Former Missoulian editor Gwen Florio discusses resignation, newsroom cuts with MTPR

Gwen Florio resigned as the editor of The Missoulian on Oct. 11 following the newspaper’s endorsement of Public Service Commission candidate Jennifer Fielder, who has anti-government militia movement connections. The endorsement and Florio’s resignation can be tied to job cuts The Missoulian has suffered.

The Missoulian is one of five Montana papers owned by Lee Enterprises — the others are The Billings Gazette, Helena Independent Record, (Butte) Montana Standard and Ravalli Republic. Lee has laid off or accepted buyouts from many employees at those papers in recent years, including three Missoulian journalists last month. The news does not slow down when papers lose reporters, editors, photographers and other staff members, so many of the people who still work in those newsrooms haven taken on larger workloads. The extra burden has led to issues like The Missoulian’s Fielder endorsement, which the paper retracted.

“Had we not been so short staffed, this probably never would have happened,” Florio told Montana Public Radio’s Sally Mauk on Tuesday. “Everybody is so busy kind of doing double and triple the work they used to do, that everybody’s moving at warp speed all the time.”

Florio’s full interview can be read or listened to here. In the excerpt below, Mauk and Florio discussed the dangerous effect newsroom cuts can have not just on individual papers, but also on communities and democracy.

Sally Mauk Well, as you mentioned, some readers were so incensed over the Fielder endorsement they canceled their subscriptions. And that’s certainly one way to protest, Gwen. But I’m not sure it’s the best way because it ends up putting the paper and its staff — who had nothing to do with the endorsement — in jeopardy. What are your thoughts about that?

Gwen Florio I absolutely agree with that. I get the impulse to do that. It certainly makes a statement, but it really hurts the paper. And you have a staff at the Missoulian who is just, they are top notch. They work so hard and they do so well under increasingly trying circumstances. And the last thing they need is more support taken away.

Sally Mauk And there are other ways to protest, certainly, without canceling a subscription.

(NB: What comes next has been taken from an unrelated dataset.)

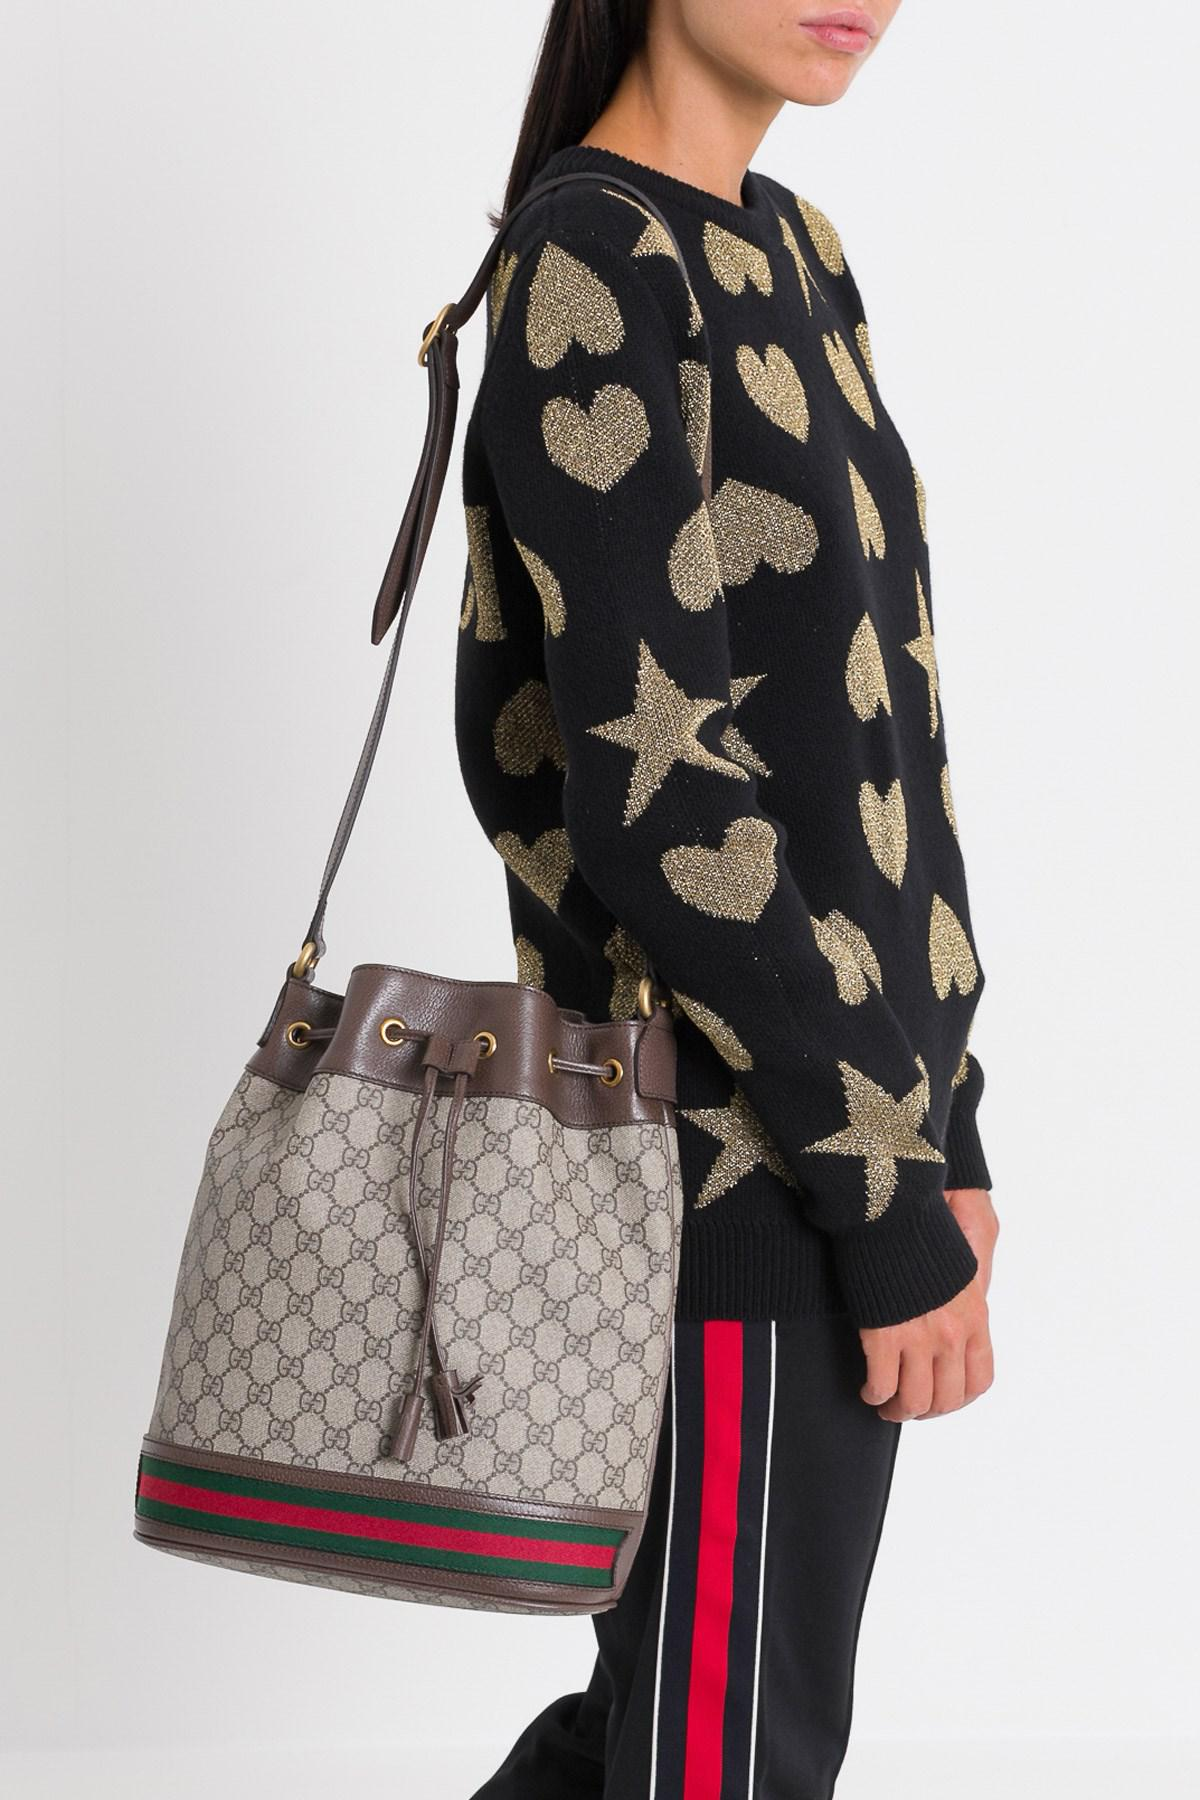 Gucci Ophidia Gg Bucket Bag Lyst

These are perilous times for newspapers anyway. According to the Pew Research Center, American newspapers have laid off half their newsroom staff just in the last 12 years. So when your industry — It’s in real peril, as you mentioned earlier — the Missoulian has cut its staff a lot in recent years and it’s really putting the whole industry in jeopardy.

Gwen Florio Yeah, the cuts have been unbelievable. I came to the Missoulian in 2007, stepped away for three years in 2013, and I came back to a staff that was about half what it was when I first came. Just in the last year alone, we’ve lost another 20 percent of the staff that remain. And it’s just brutal. It’s really hard to cover the stories we should be covering and serve as a community watchdog under those circumstances. I think under these very difficult circumstances, the Missoulianis doing extraordinarily well. But we simply can’t cover the stories we used to, and that’s really painful.

Sally Mauk I think a lot of people don’t realize what it would be like not to have a local newspaper. I mean, people say, oh, well, there are other news outlets that you can go to, but the newspapers play a specific, integral role in being a local community watchdog. Talk a little bit about what you think that community loses if they lose their daily newspaper.

Gwen Florio Yeah, I think it’s just horrible. So, the Missoulian, even in its reduced state right now, still has the largest news staff of any organization in Western Montana. We are still at almost every city council meeting, school board meeting, Board of Regents meetings, things people are not going to take the time themselves to go do. People have busy lives. And that’s why we’re there, to record what happened, to put what happened into context, to tell people how actions that are taken by these various institutions are going to affect their daily lives. It is integral to democracy. I just can’t stress that enough. And that’s what I think is the main danger, is you don’t have the Missoulian reporters, other journalists, being your eyes and ears in the community.